Sony’s Over-the-Top 4K Service Could Crush Bandwidth Caps

Looking to spur sales of its new, pricey Ultra HD sets in a way that will also push the limits of consumer broadband connections, Sony last week opened Video Unlimited 4K, a download store that will offer an initial slate of about 70 movies and TV shows, with plans to expand that total to 100 later this year.

The store feeds 4K fare, which packs in about four times the resolution of 1080p HD video, to the $699 Sony 4K media player, a proprietary device that is compatible only with Sony- made 4K TVs and comes preloaded with 10 movies, including The Amazing Spider-Man. Video Unlimited 4K rents movies for $7.99 and sells them at a starting price of $29.99. Individual episodes of 4K-formatted TV shows, including AMC’s Breaking Bad, will fetch $3.99. Sony estimates that the media player’s on-board 2-Terabyte hard drive can fit about 45 4K movies.

The store gives Sony first-mover advantage as cable operators formulate their own 4K content strategies, but the new, bandwidth-hungry offering could wreak havoc on emerging Internet-service providers’ consumption caps and usage-based pricing policies.

The size of Sony’s 4K files vary by the length of each movie and TV show, but the range is about 40 gigabytes to 70 GB per title. Based on some current Internet-usage policies, just watching four to five 4K titles could get some cable customers close to cap-breaching territory.

Usage-based broadband pricing isn’t the norm yet, but it’s a growing trend. Mediacom Communications, for example, puts a 350-GB monthly cap on its 20-Megabit-per-second “Prime” tier, and a heftier 999-GB ceiling on its 50-Mbps and 105-Mbps service. Once the cap is exceeded, customers can purchase additional blocks of 50 GB for $10. Comcast is testing similar policies in a handful of markets that set a 300-GB monthly threshold before overage fees apply.

Based on the current, small size of the 4K TV marketplace (NPD Group Display- Search predicts about 500,000 4K sets will ship worldwide this year), Sony’s 4K store won’t have a huge impact right away, but it provides an early glimpse at the kind of bandwidth OTT 4K content will require as other providers, including Netflix, prepare their Ultra HD offerings.

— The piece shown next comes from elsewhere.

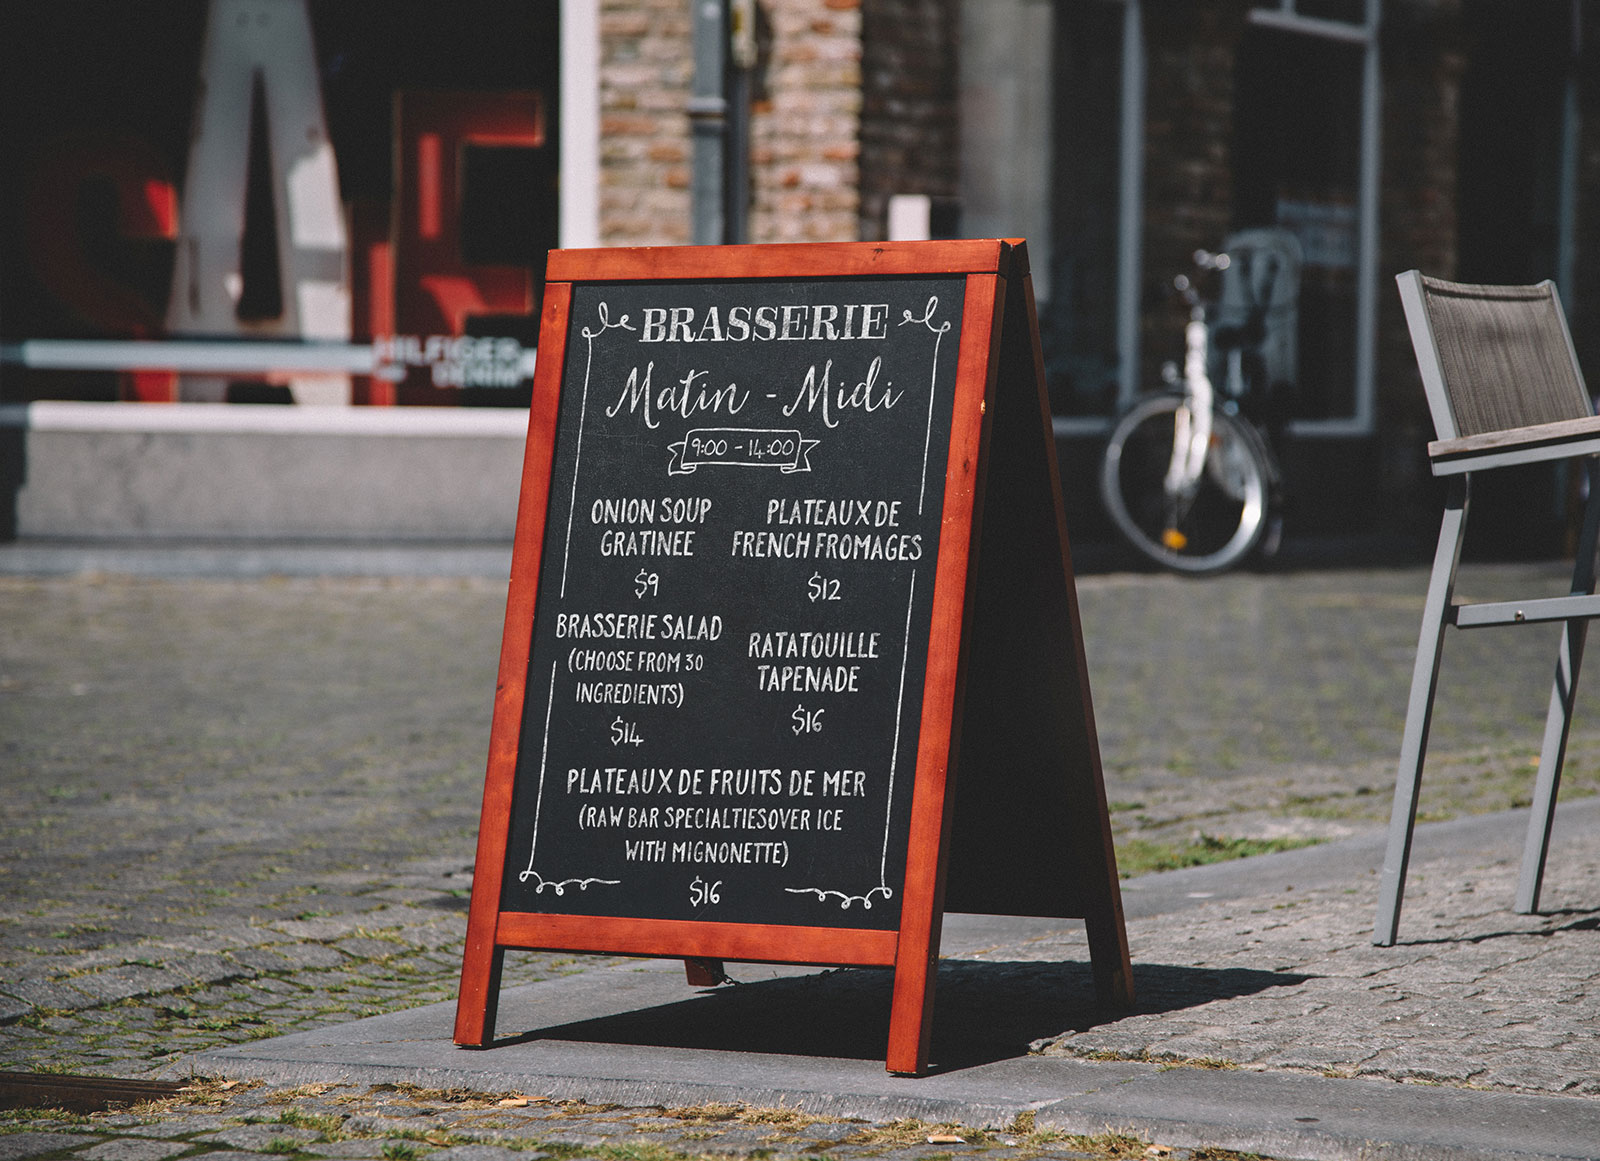 Free-A-Frame-Chalkboard-Restaurant-Menu-Mockup-PSD

To lure in early adopters, Sony is promoting several 4K TV/media player bundles, including a 65-inch set that comes with one year of Netflix and Hulu Plus for a cool manufacturer’s suggested retail price of $5,999.98. A 55-inch Sony 4K TV with a similar bundle runs $4,599.

Although Sony is early to the 4K content game, it’s not the first. A smaller firm called ODEMAX launched a private beta of its 4K download service on July 11, ahead of an anticipated commercial launch later this year. ODEMAX, which is concentrating on independent films to start, delivers titles over-the-top to high-capacity Redray Players, made by Red Digital Cinema, that currently sell for about $1,750 a pop. ODEMAX delivers films in the proprietary .RED format, estimating that the average size of a feature-length film is a more broadband cap-friendly 9 GB to 10 GB.

TAKEAWAY
Sony is making an early bid to offer 4K content to consumers, and its over-the-top service could wreak havoc with providers’ bandwidth consumption policies.